Work order: The range to repeat runs from the line with "Mt. Gassan Summer Ski (2022)" to the last line below, both ends included; give it exactly and without pictures.

Data section:
☆ ☆ ☆ ☆

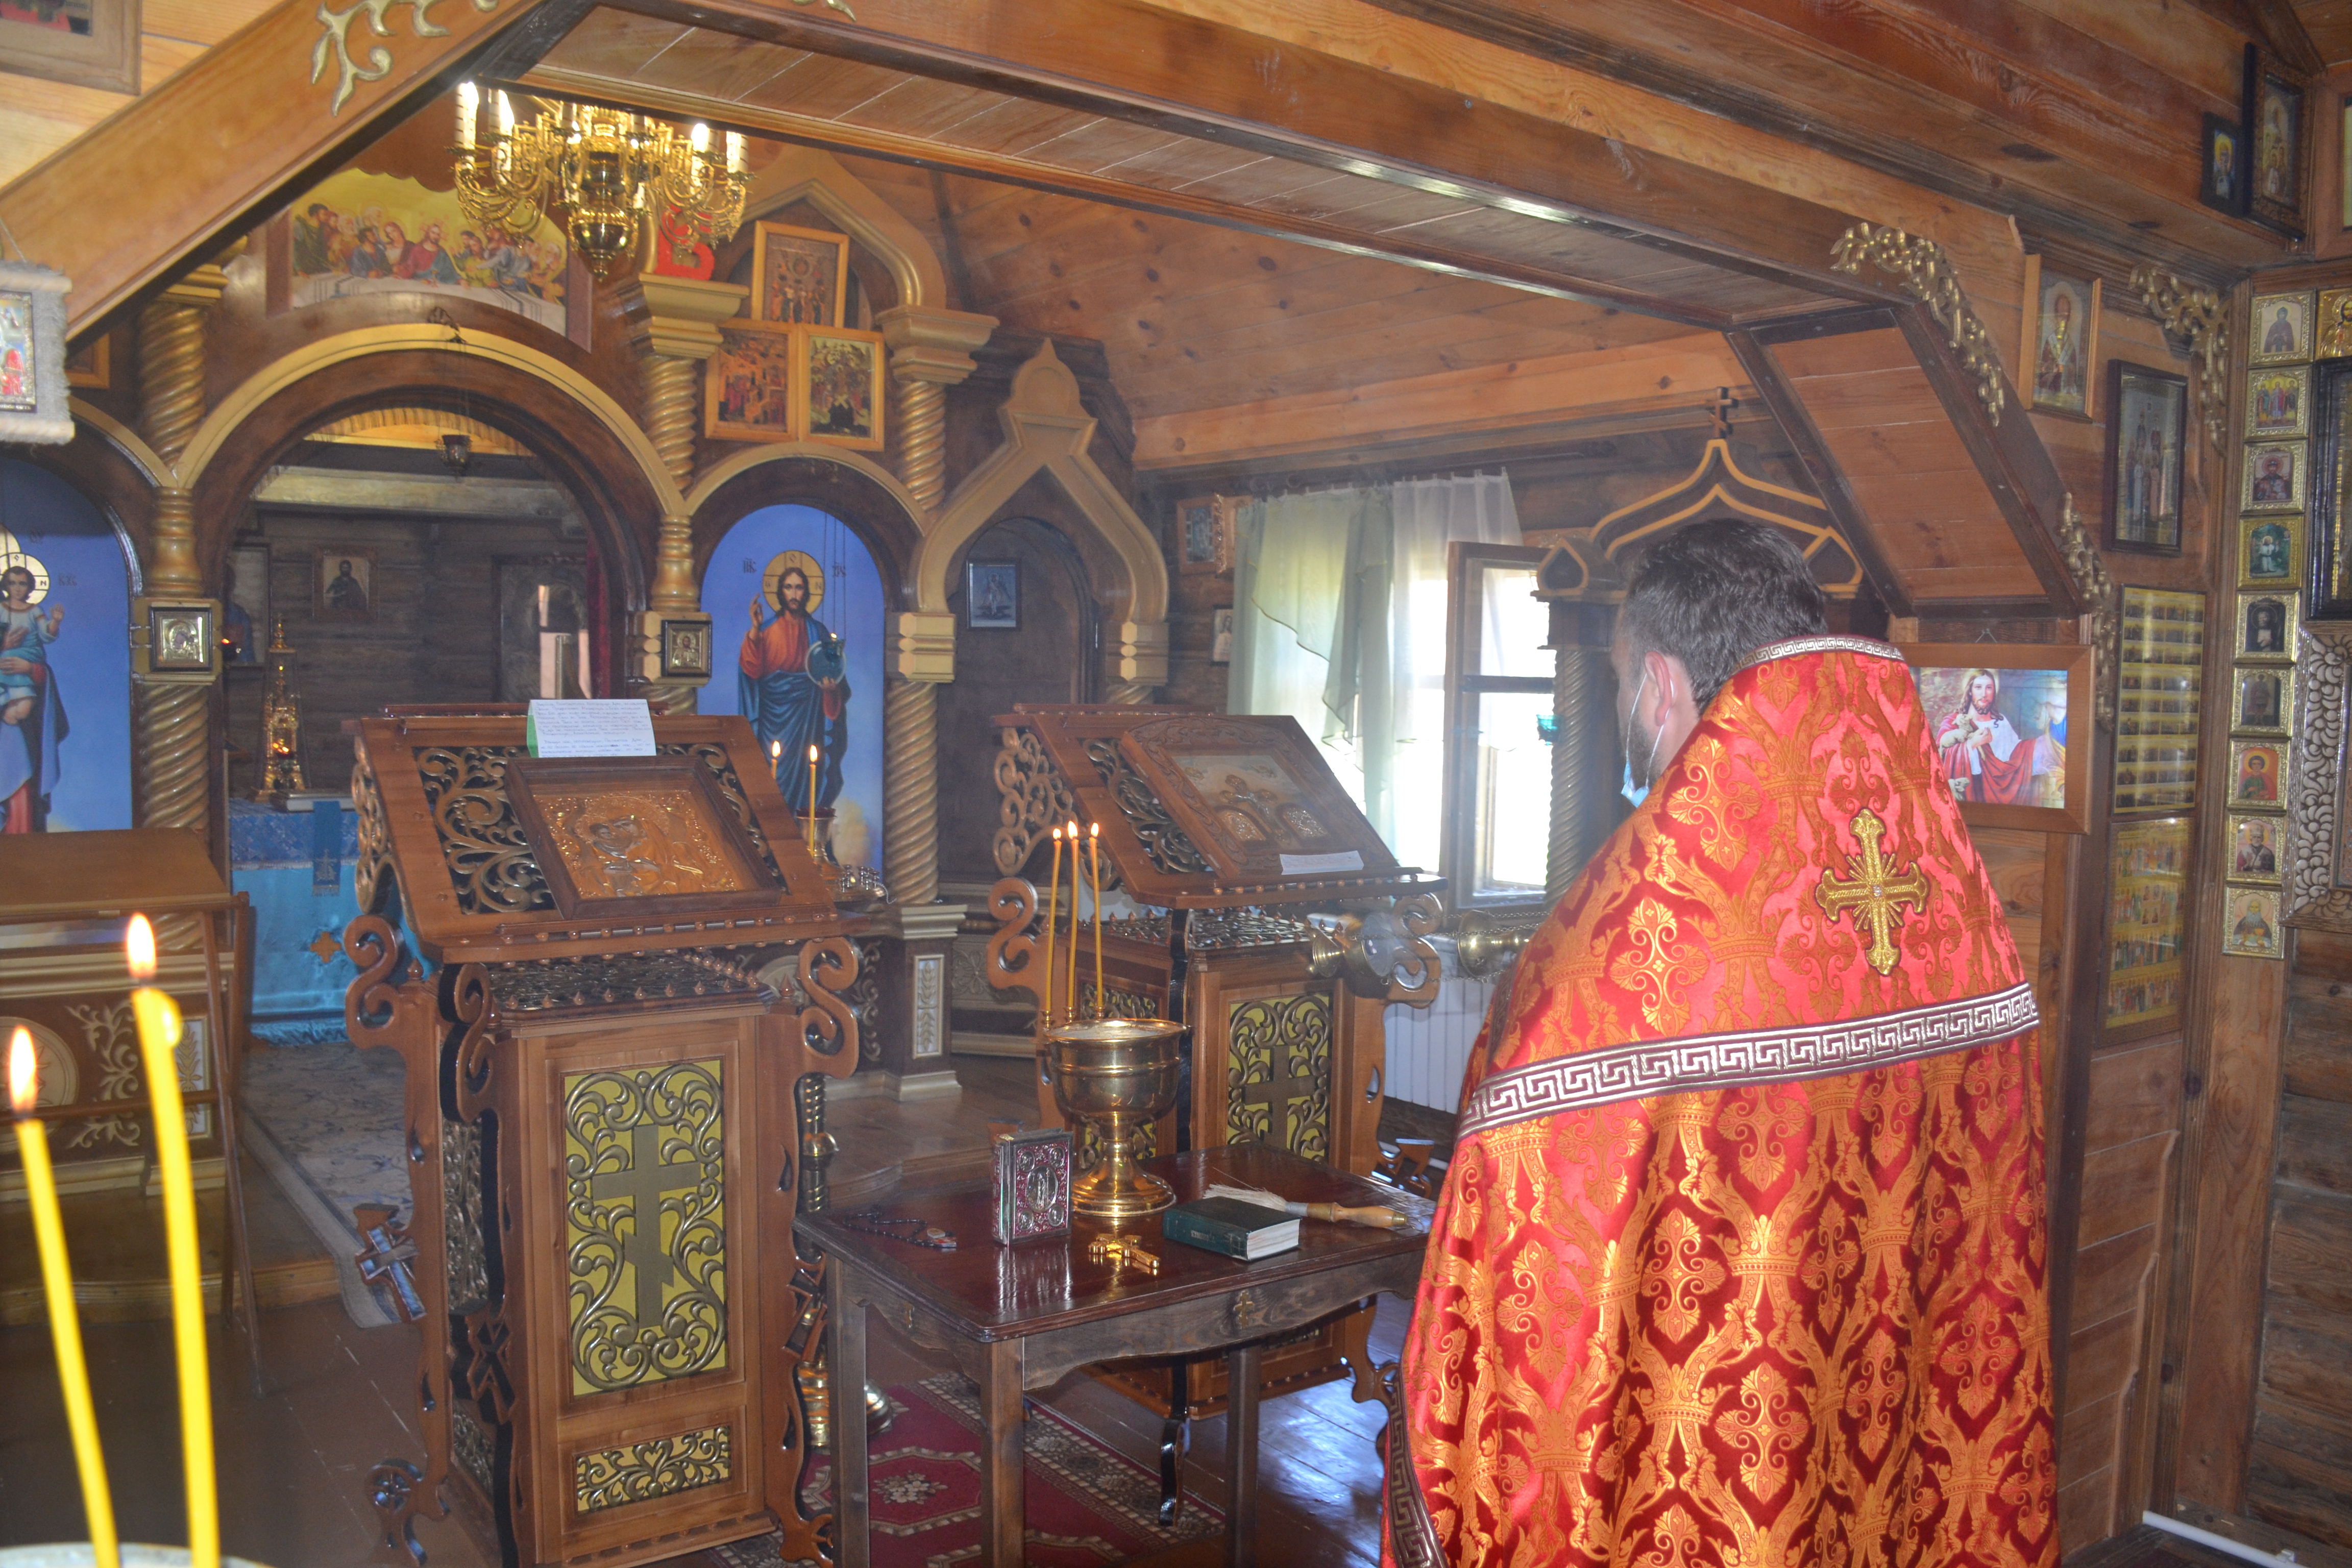 Протоиерей Антоний Шварёв совершил молебен в храме при исправительной колонии №7
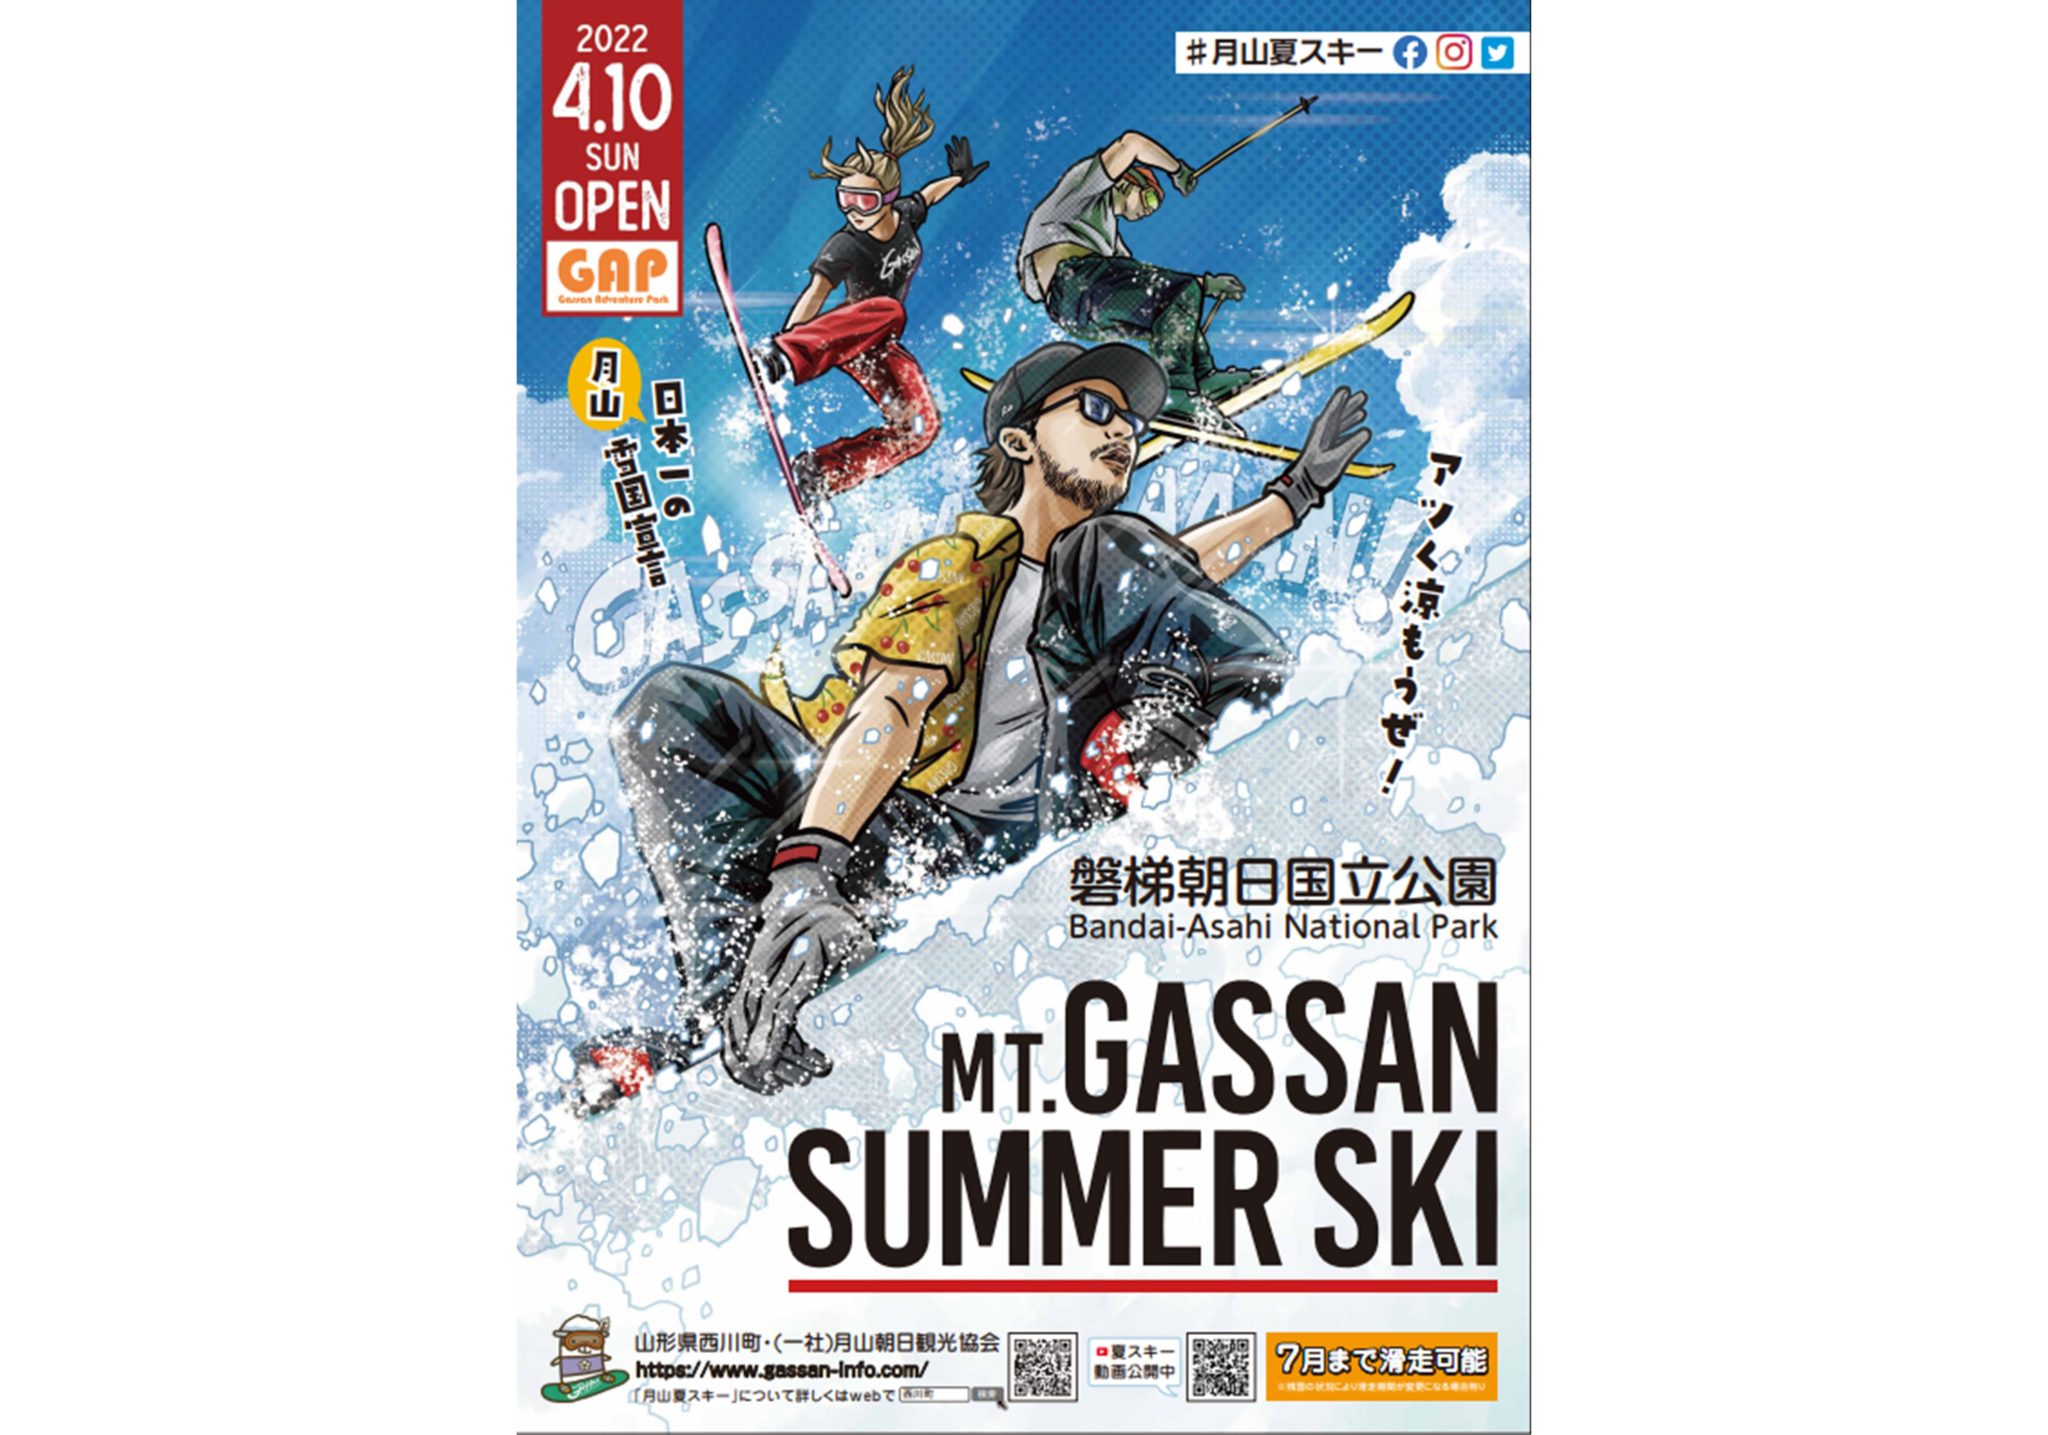 Mt. Gassan Summer Ski (2022)
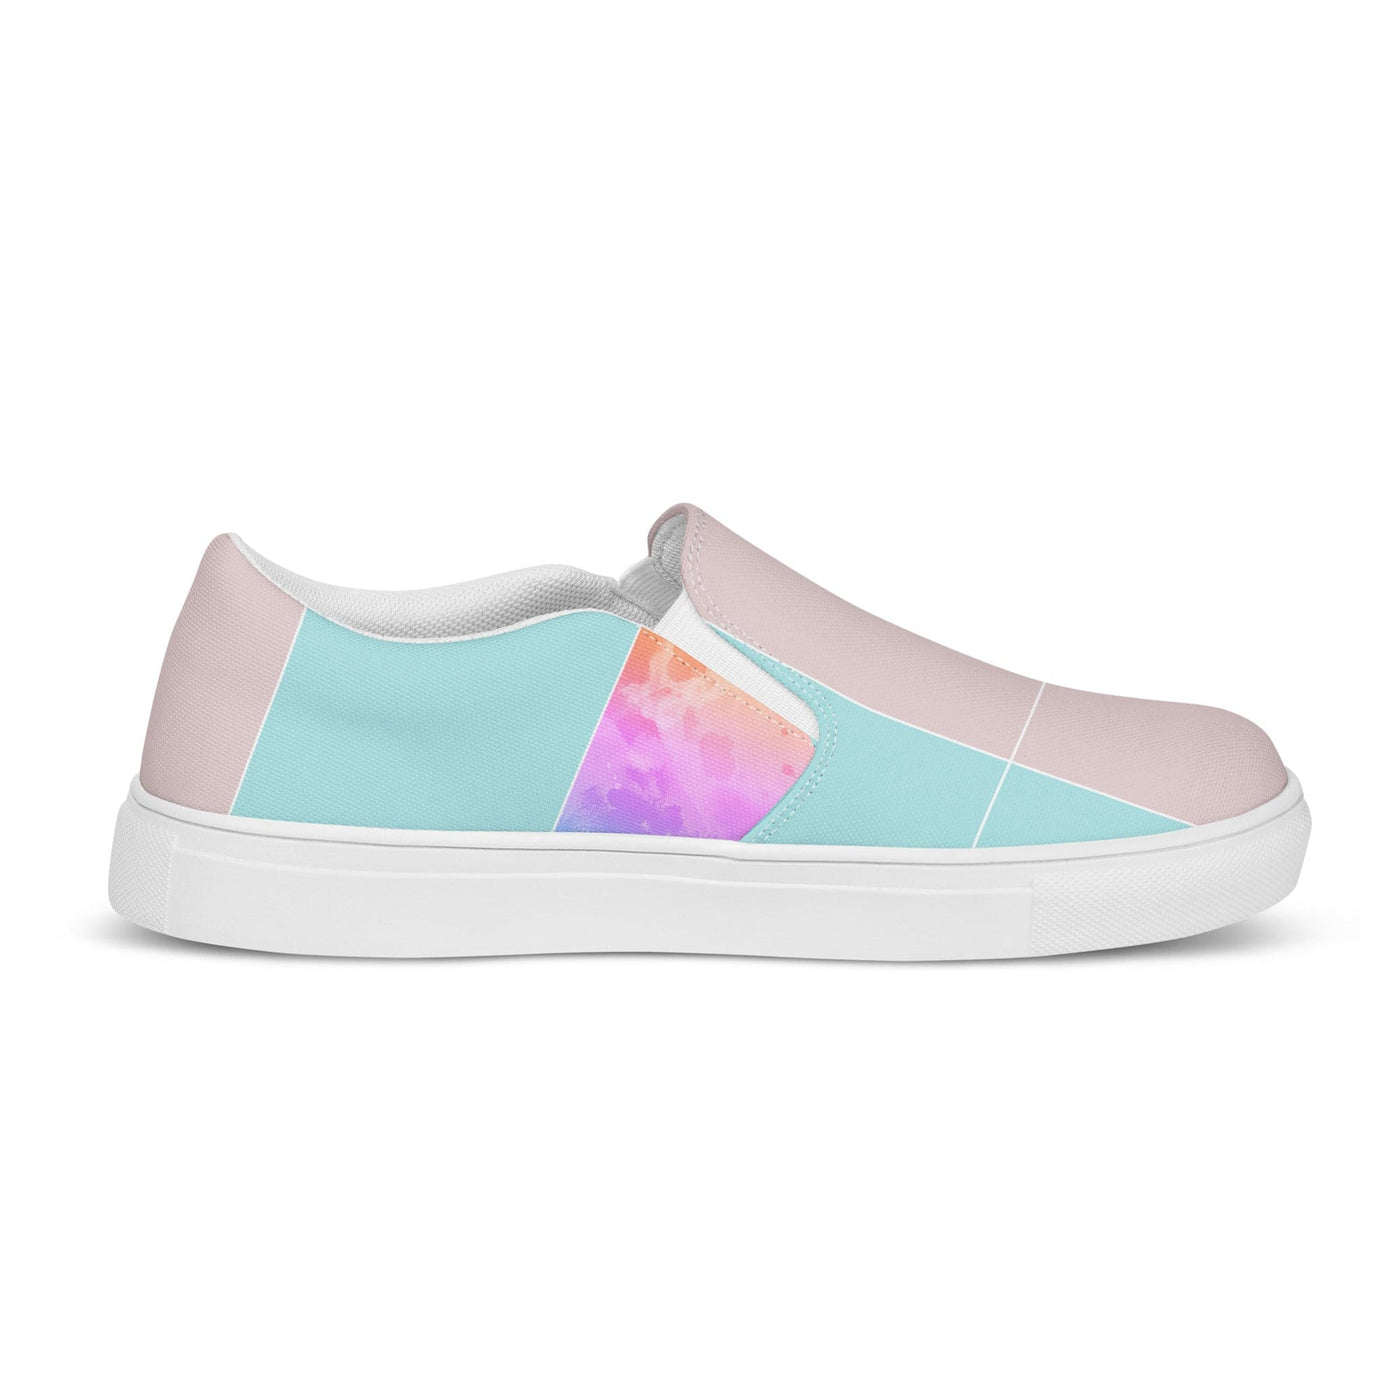 Women’s Slip-on Canvas Shoes Pastel Colorblock Watercolor Illustration

☆ ☆ ☆ ☆

Result for this exercise:
 Mt. Gassan Summer Ski (2022)
 Women’s Slip-on Canvas Shoes Pastel Colorblock Watercolor Illustration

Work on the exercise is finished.